## Data block
-- Opening Marker --
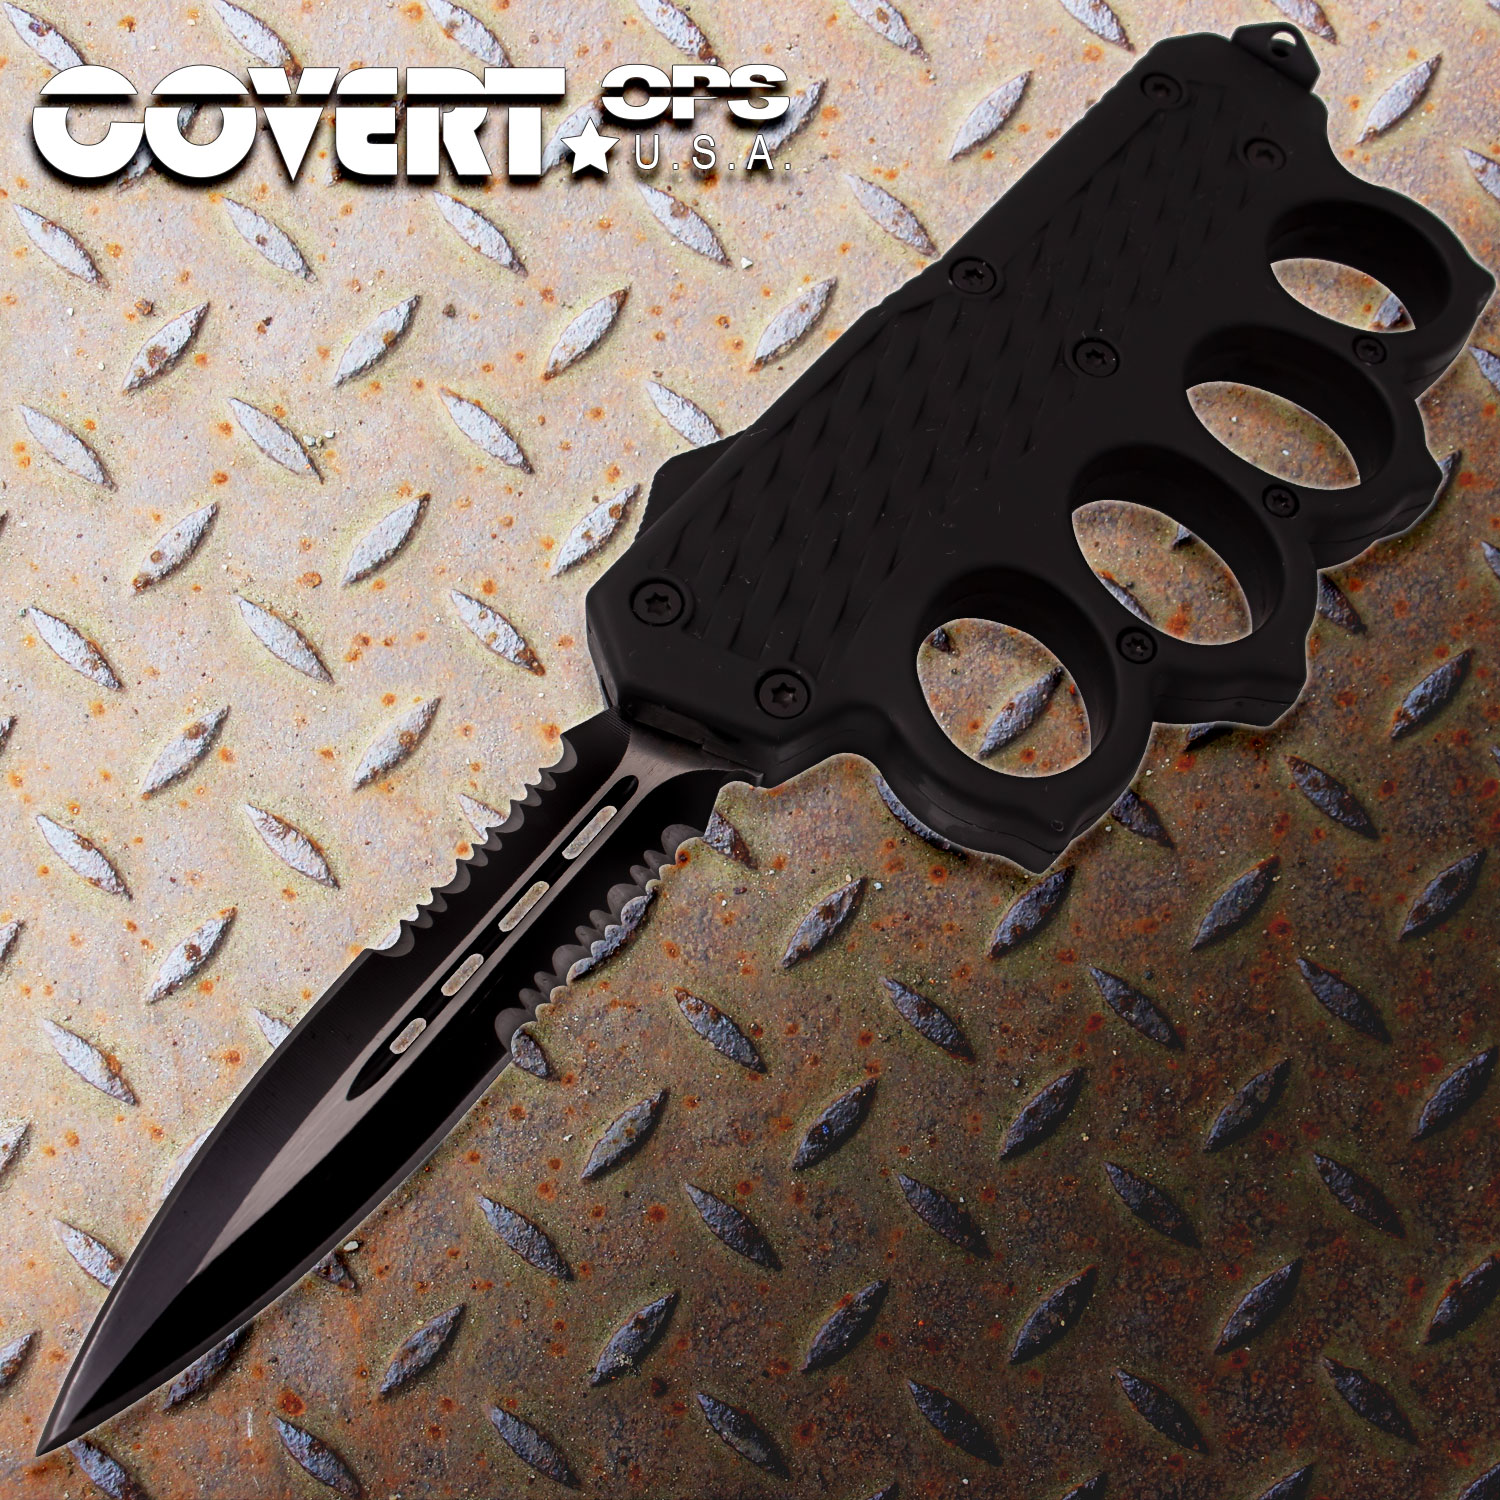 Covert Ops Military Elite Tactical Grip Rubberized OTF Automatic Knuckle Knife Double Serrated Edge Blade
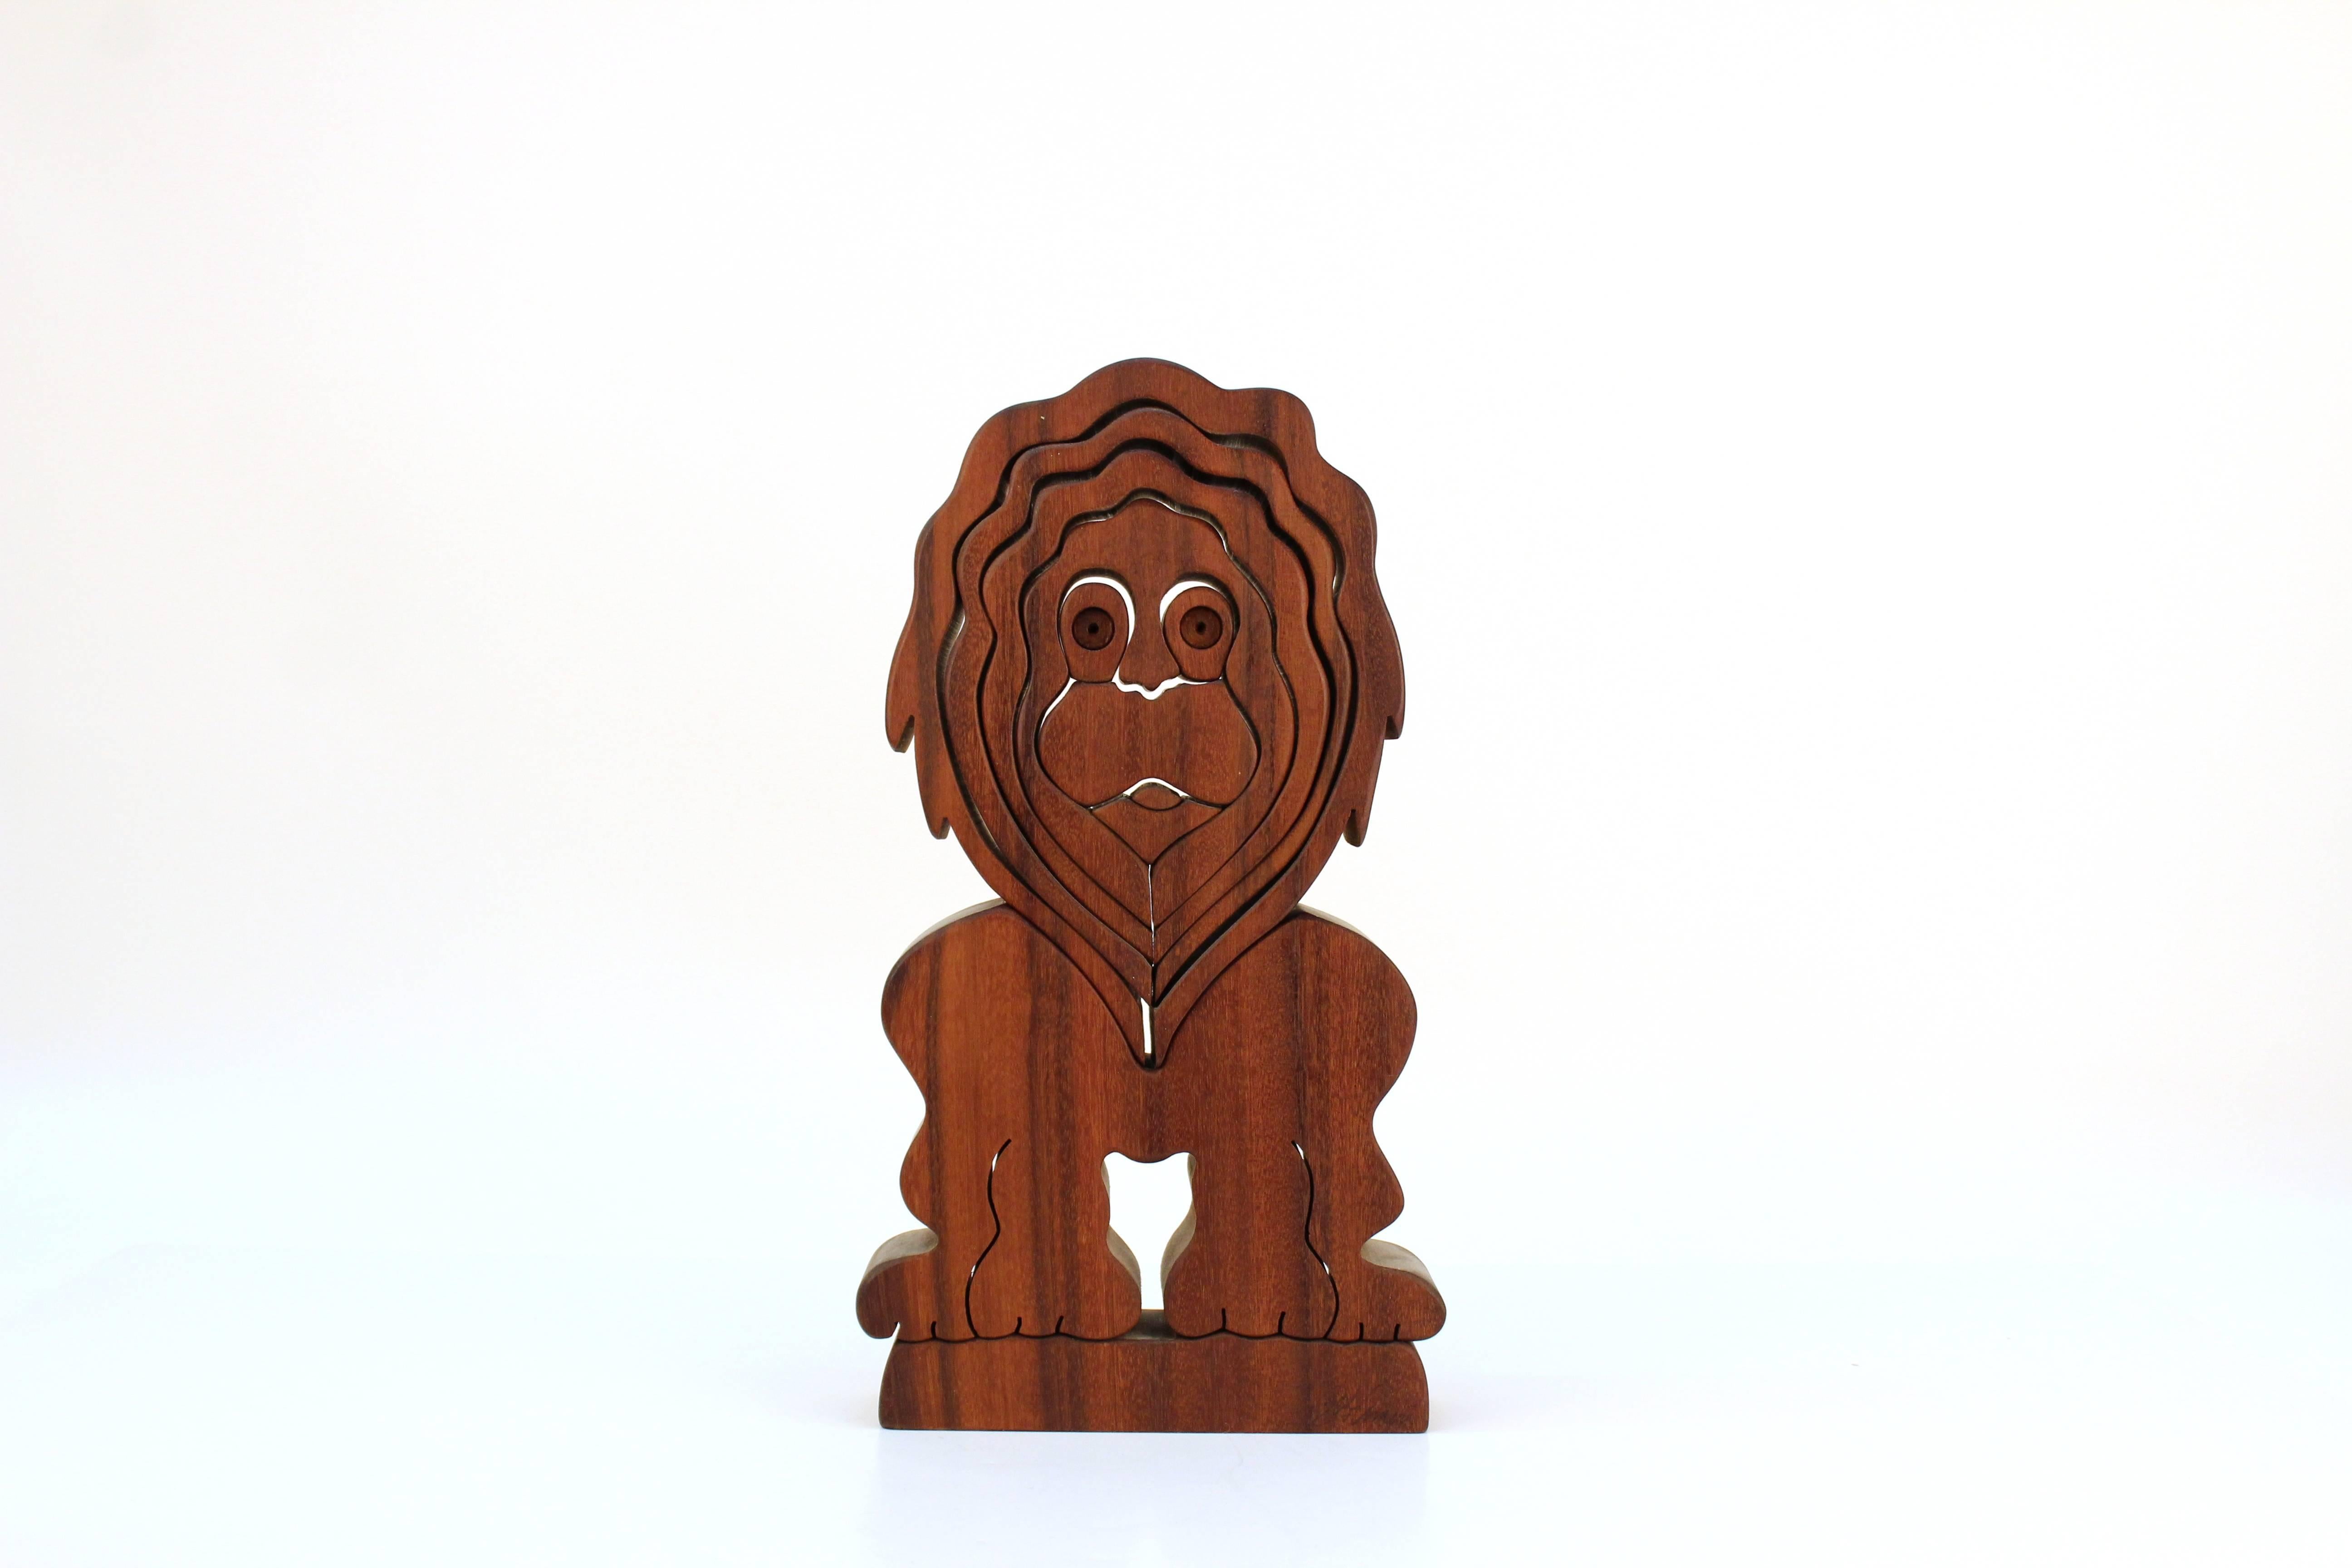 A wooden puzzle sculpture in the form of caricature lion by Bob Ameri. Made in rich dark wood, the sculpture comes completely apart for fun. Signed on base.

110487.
-- Closing Marker --
## Task statement
Return all material verbatim, pictures omitted.

## Exercise response
 Covert Ops Military Elite Tactical Grip Rubberized OTF Automatic Knuckle Knife Double Serrated Edge Blade
 A wooden puzzle sculpture in the form of caricature lion by Bob Ameri. Made in rich dark wood, the sculpture comes completely apart for fun. Signed on base.

110487.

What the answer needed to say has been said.